Building a model where model parameter depends on independent data


I am trying to build a simple example model with the observed data X and Y, that looks like the following:

\mu \sim \mathcal{ N }(x,1)
y \sim \mathcal{ N }(\mu,1)

where y is the random variable that generated Y and x represents a value for the covariate X. How can I do this in PyMC3? The best I could come up with is the following:

## Generate data
X = np.linspace(0, 100, num=100)
MU = np.random.normal(loc=X)
Y = np.random.normal(loc=MU)

## Create model
with pm.Model() as basic_model:
    mu = pm.Normal('mu', mu=X, sd=1)
    y = pm.Normal('y', mu=mu, sd=1, observed=Y)

But that does not work, since arrays are not accepted as parameters for the distribution.

Any help is much appreciated.
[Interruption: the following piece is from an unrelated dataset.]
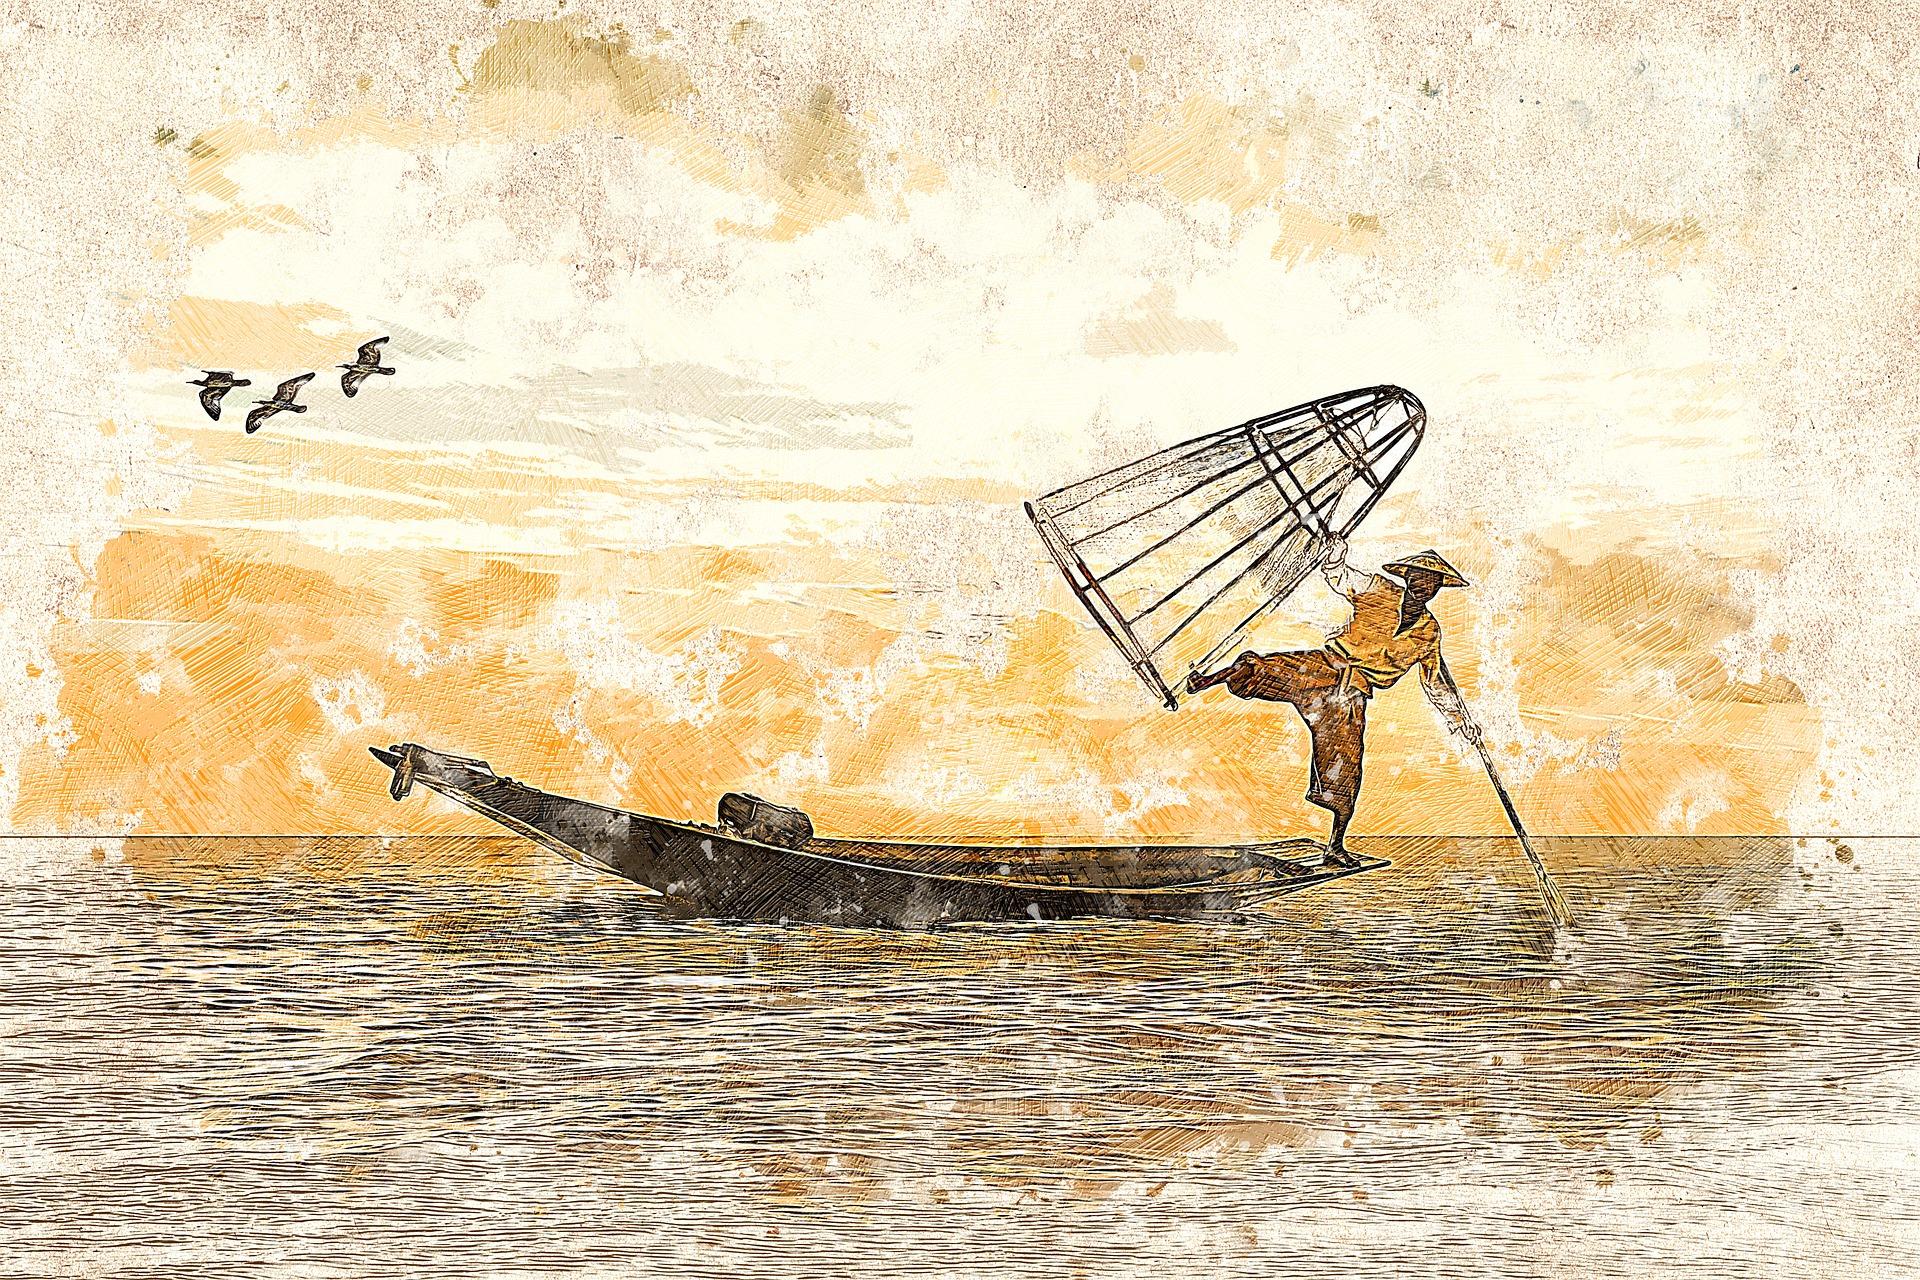 Coromandel Fishers Poem Summary By Sarojini Naidu Beaming Notes

Thank you.

Distributions do accept arrays as input, so your example should works.

A more formal way to do so is to model the covariates as coming from some distribution as well. You can have a look at this for an example: Motif of the Mind | Junpeng Lao, PhD

Thanks for the example, I did not know that modeling covariates as coming from distributions is a valid way. However, with the code above, I get the following error:

Traceback (most recent call last):
File "/home/guet_jn/Desktop/modelbase/mb_modelbase/models_core/tests/", line 292, in <module>
mu = pm.Normal('mu', mu=X, sd=1)
File "/home/guet_jn/anaconda3/envs/modelbase/lib/python3.5/site-packages/pymc3/distributions/", line 42, in __new__
return model.Var(name, dist, data, total_size)
File "/home/guet_jn/anaconda3/envs/modelbase/lib/python3.5/site-packages/pymc3/", line 808, in Var
total_size=total_size, model=self)
File "/home/guet_jn/anaconda3/envs/modelbase/lib/python3.5/site-packages/pymc3/", line 1208, in __init__
self.logp_elemwiset = distribution.logp(self)
File "/home/guet_jn/anaconda3/envs/modelbase/lib/python3.5/site-packages/pymc3/distributions/", line 447, in logp
return bound((-tau * (value - mu)**2 + tt.log(tau / np.pi / 2.)) / 2.,
File "/home/guet_jn/anaconda3/envs/modelbase/lib/python3.5/site-packages/theano/tensor/", line 147, in __sub__
return theano.tensor.basic.sub(self, other)
File "/home/guet_jn/anaconda3/envs/modelbase/lib/python3.5/site-packages/theano/gof/", line 615, in __call__
node = self.make_node(*inputs, **kwargs)
File "/home/guet_jn/anaconda3/envs/modelbase/lib/python3.5/site-packages/theano/tensor/", line 482, in make_node
DimShuffle, *inputs)
File "/home/guet_jn/anaconda3/envs/modelbase/lib/python3.5/site-packages/theano/tensor/", line 438, in get_output_info
['x'] * difference + list(range(length)))(input))
File "/home/guet_jn/anaconda3/envs/modelbase/lib/python3.5/site-packages/theano/gof/", line 625, in __call__
storage_map[ins] = [self._get_test_value(ins)]
File "/home/guet_jn/anaconda3/envs/modelbase/lib/python3.5/site-packages/theano/gof/", line 562, in _get_test_value
ret = v.type.filter(v.tag.test_value)
File "/home/guet_jn/anaconda3/envs/modelbase/lib/python3.5/site-packages/theano/tensor/", line 178, in filter
TypeError: For compute_test_value, one input test value does not have the requested type.

The error when converting the test value to that variable type:
Wrong number of dimensions: expected 0, got 1 with shape (100,).

Process finished with exit code 1

Any idea where this might come from? I thought this was because the X is not a scalar, that’s why I thought arrays are not accepted in distributions. Thanks for the help!